Data Gateway Integration

Introduction

The system offers two main APIs for integration into existing environments. The webVis-API allows the application developer to visualize different resources based on simple URI (can be URN or URL), and the Data Gateway API provides pull-access to the data based on a single URL per URI. The system automatically translates the URI to URL based on local configuration settings.

Resource Specification

A URI can either be a URL or a URN. URNs are mapped to URLs by the system. For example:

The URL must be valid location with a known schema (e.g. HTTPS). The application also must provide authentication tokens if necessary. To support this, the system can transparently pass single-sign-on tokens (e.g. Cookies) along.

The URN can be an installation specific name which is automatically mapped to a configured location while processed. Exact mappings can be configured within the system via a mapping table.

Configuring a URN mapping rule instead of directly using URLs allows for decoupling of client applications interacting with the system and backend data gateway locations. This allows future relocation or replacement of backends without needing to modify client applications.

Data Gateway Interface

The Data Gateway Interface is a simple but powerful abstraction to access data and builds on best practice webserver techniques. It maps the webVis URI to a single URL which can be configured to specific needs. The resource URL can be any valid URL container. For example:

The interface tries to achieve the following goals:

  • Minimal interface to pull data from any data backend

  • Based on standard HTTP techniques and best practices

  • Standard Apache server should be able to provide sufficient functionality

  • Provide single interface to all persistent and dynamic resources

  • New backends can be added without changes to instant3Dhub components

Resource Concepts

Several key concepts are supported by the infrastructure and define how cached resources are handled by the system.

A resource can be:

  • static, i.e. it never changes. Static resources are never checked for newer versions.

  • dynamic, i.e. it can change over time. How often changes are expected to occur can be specified to control update checks.

  • public, i.e. personalized authorization checks are skipped when providing clients with caches. This can only be set explicitly, as resources are protected by default.
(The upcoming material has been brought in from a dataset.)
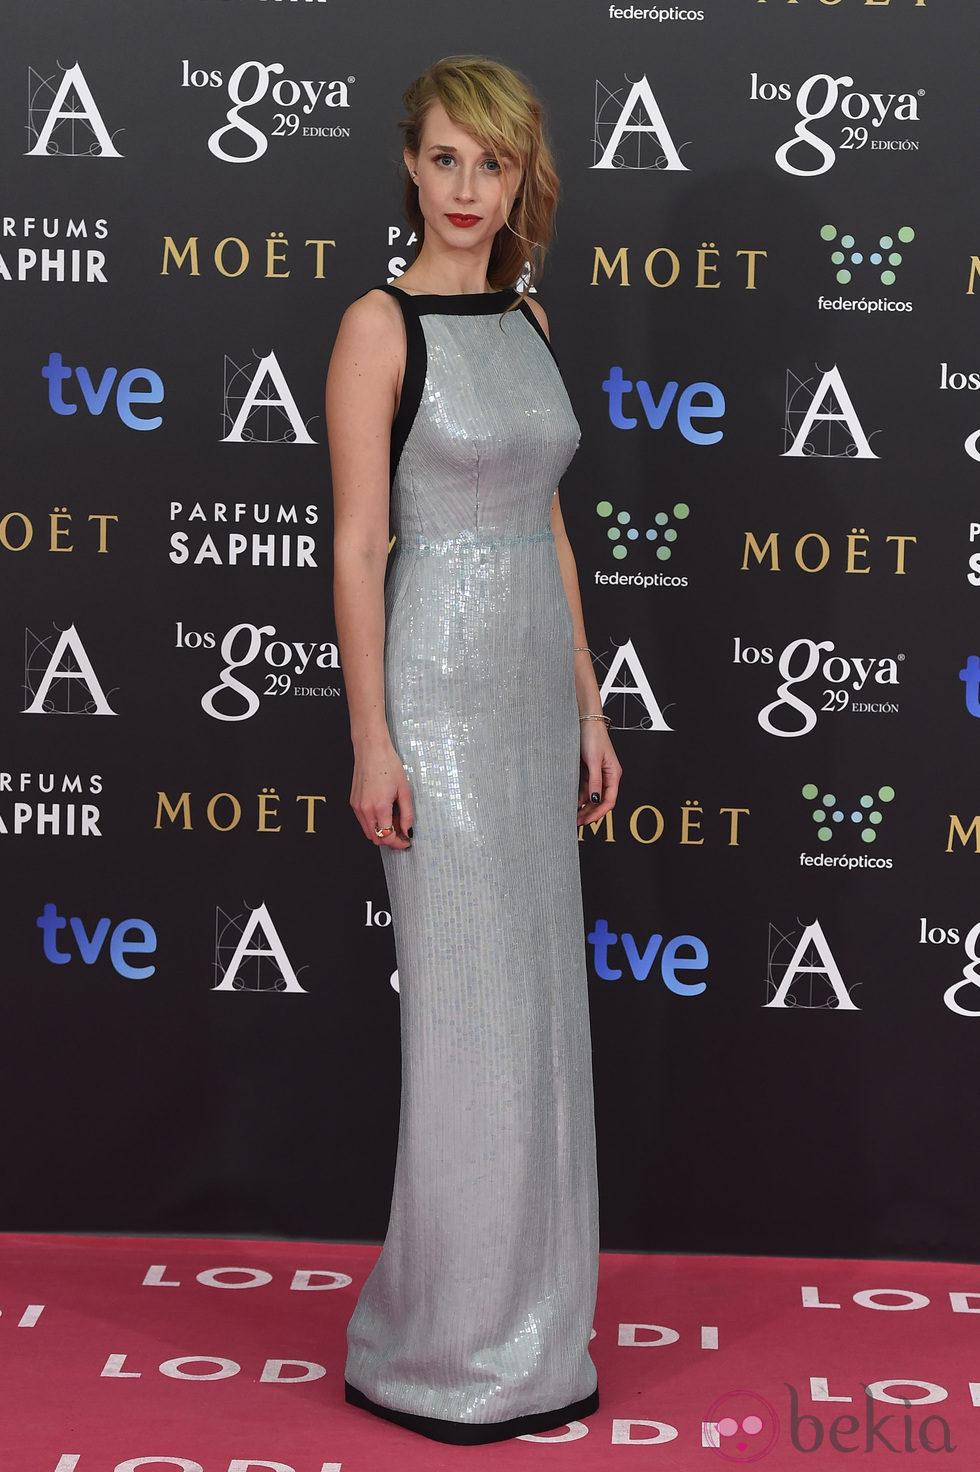 Ingrid García Jonsson en la alfombra rosa de los Goya 2015

  • protected, i.e. personalized authorization must be done against the source when proving clients with caches. This is the default behavior and must be explicitly overridden.

Each of these properties can either be defined per URN, or set in the HTTP response headers of the source, as described in the next few sections.

The system accesses resources in two separate ways:

  • Retrieving the resource itself to generate a cached representation.

  • Retrieving properties about the resource, such as whether a certain user has the appropriate viewing rights.

It is important to make this distinction, as the resource will not need to be retrieved very often, while property requests can happen very frequently.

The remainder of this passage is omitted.